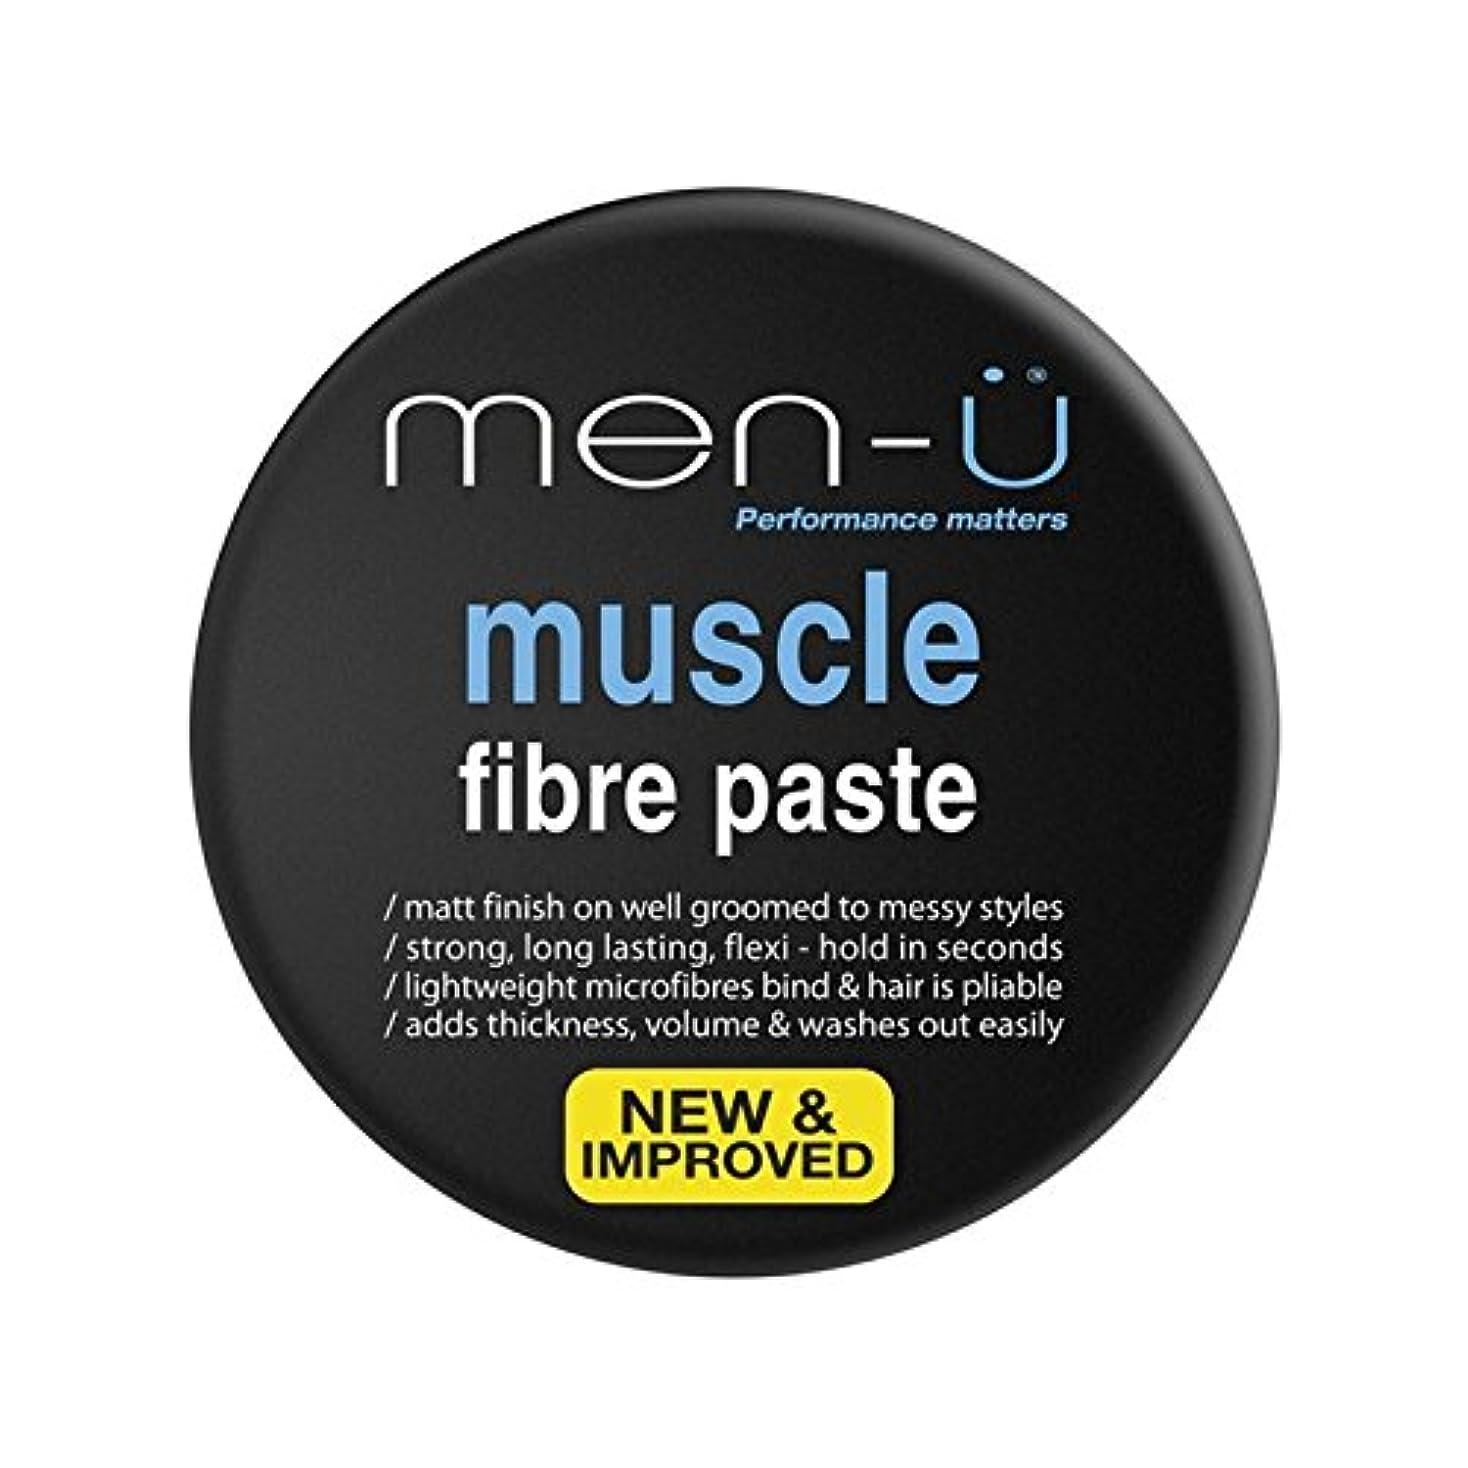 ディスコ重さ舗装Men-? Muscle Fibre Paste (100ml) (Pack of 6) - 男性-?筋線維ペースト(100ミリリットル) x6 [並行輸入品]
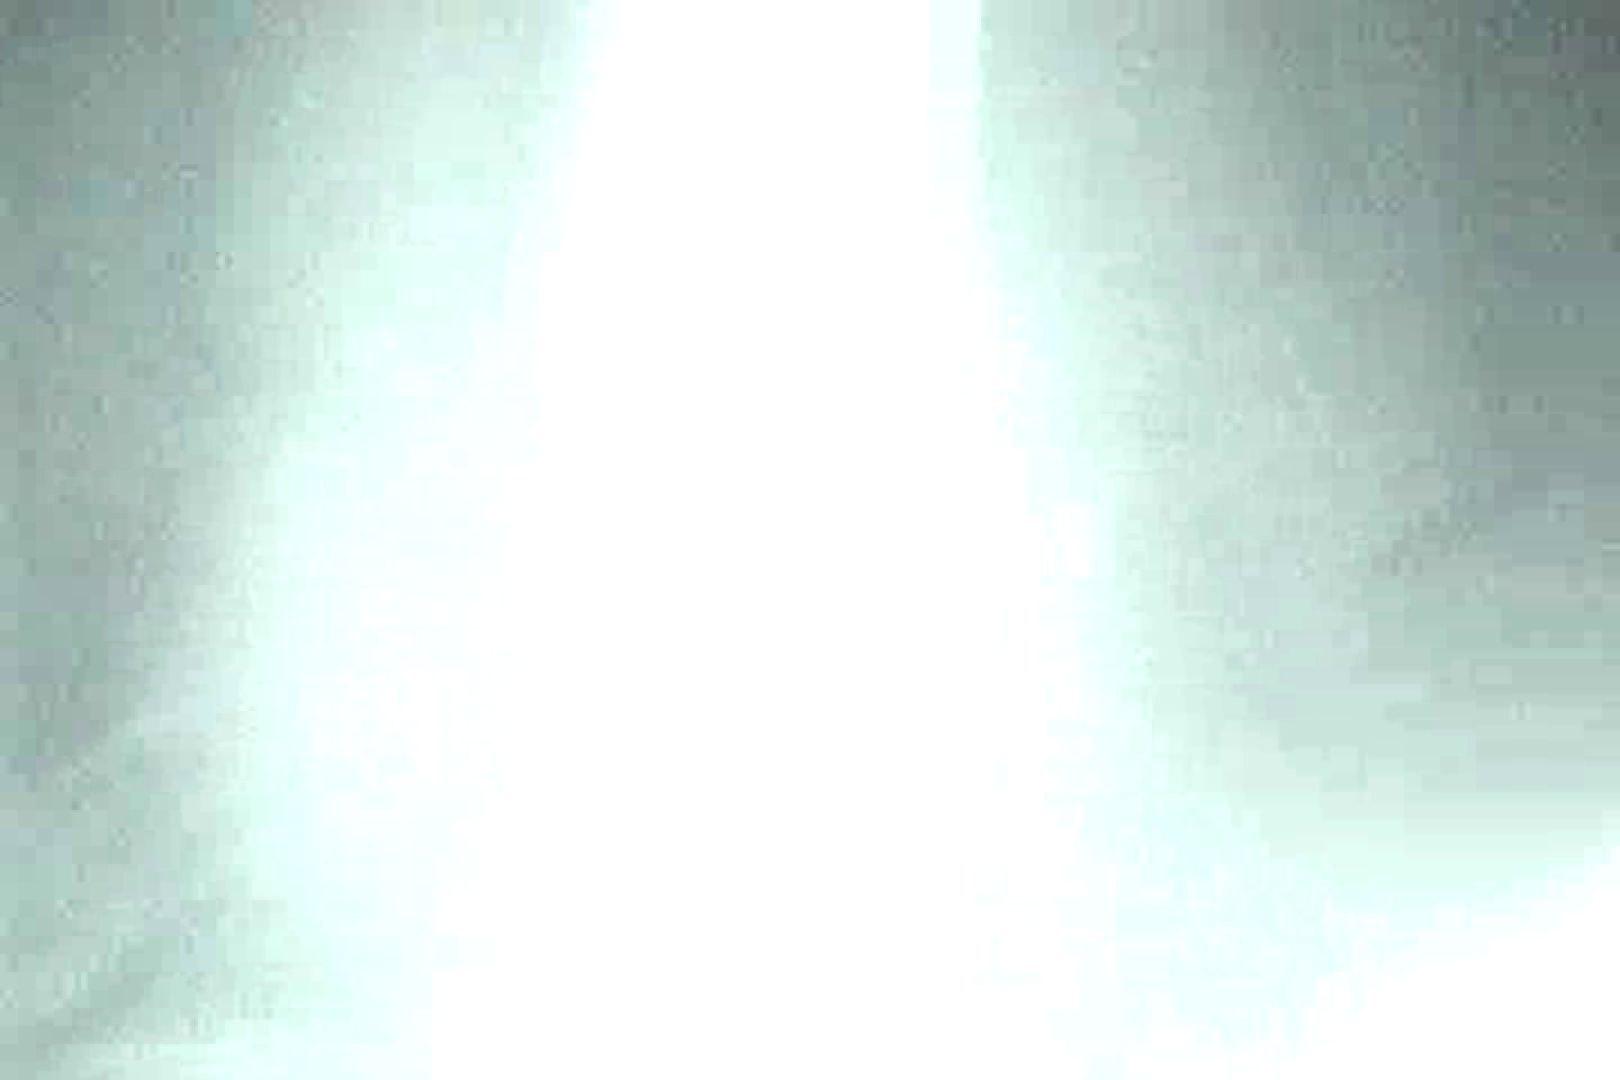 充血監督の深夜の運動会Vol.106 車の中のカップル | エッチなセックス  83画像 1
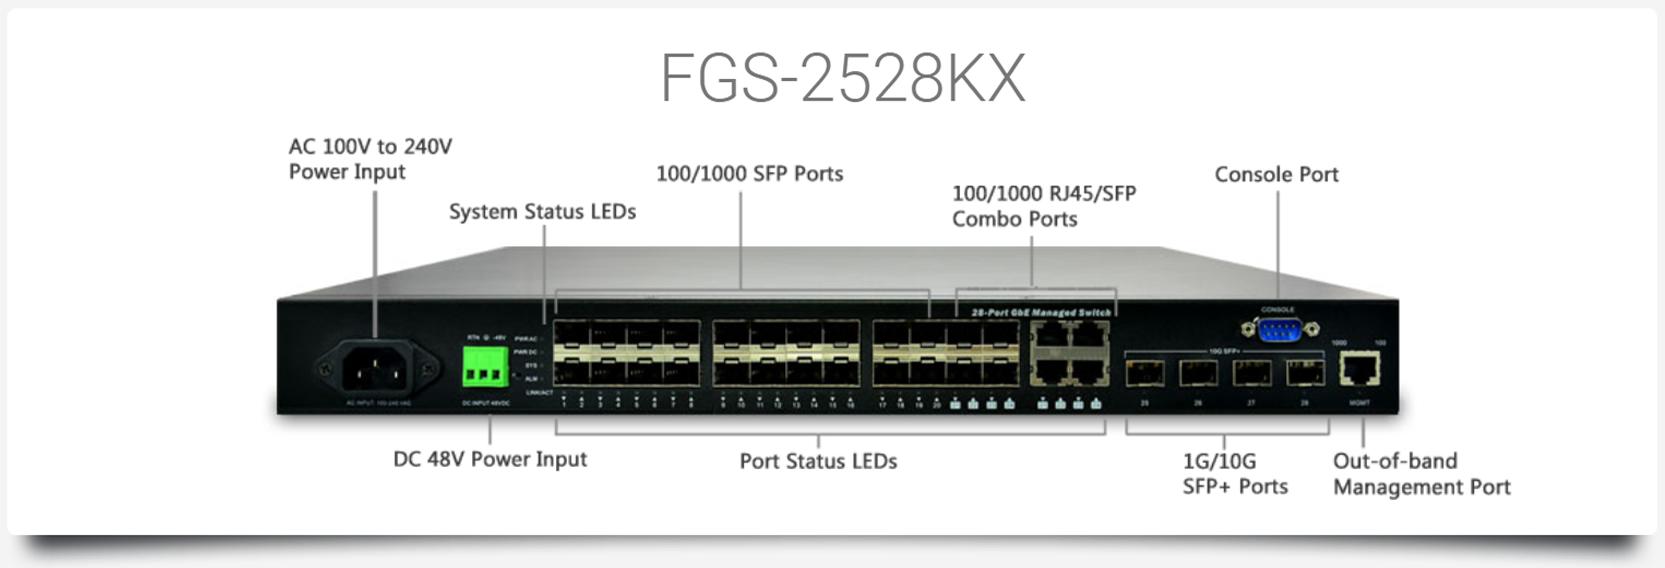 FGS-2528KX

--

• [Prompt]: Only the lines from the one with "充血監督の深夜の運動会Vol.106 車の中のカップル |" to the last line of the listing, inclusive, are to be set down, exactly as they stand and without pictures.

• [Task solution]:
 充血監督の深夜の運動会Vol.106 車の中のカップル | エッチなセックス  83画像 1
 FGS-2528KX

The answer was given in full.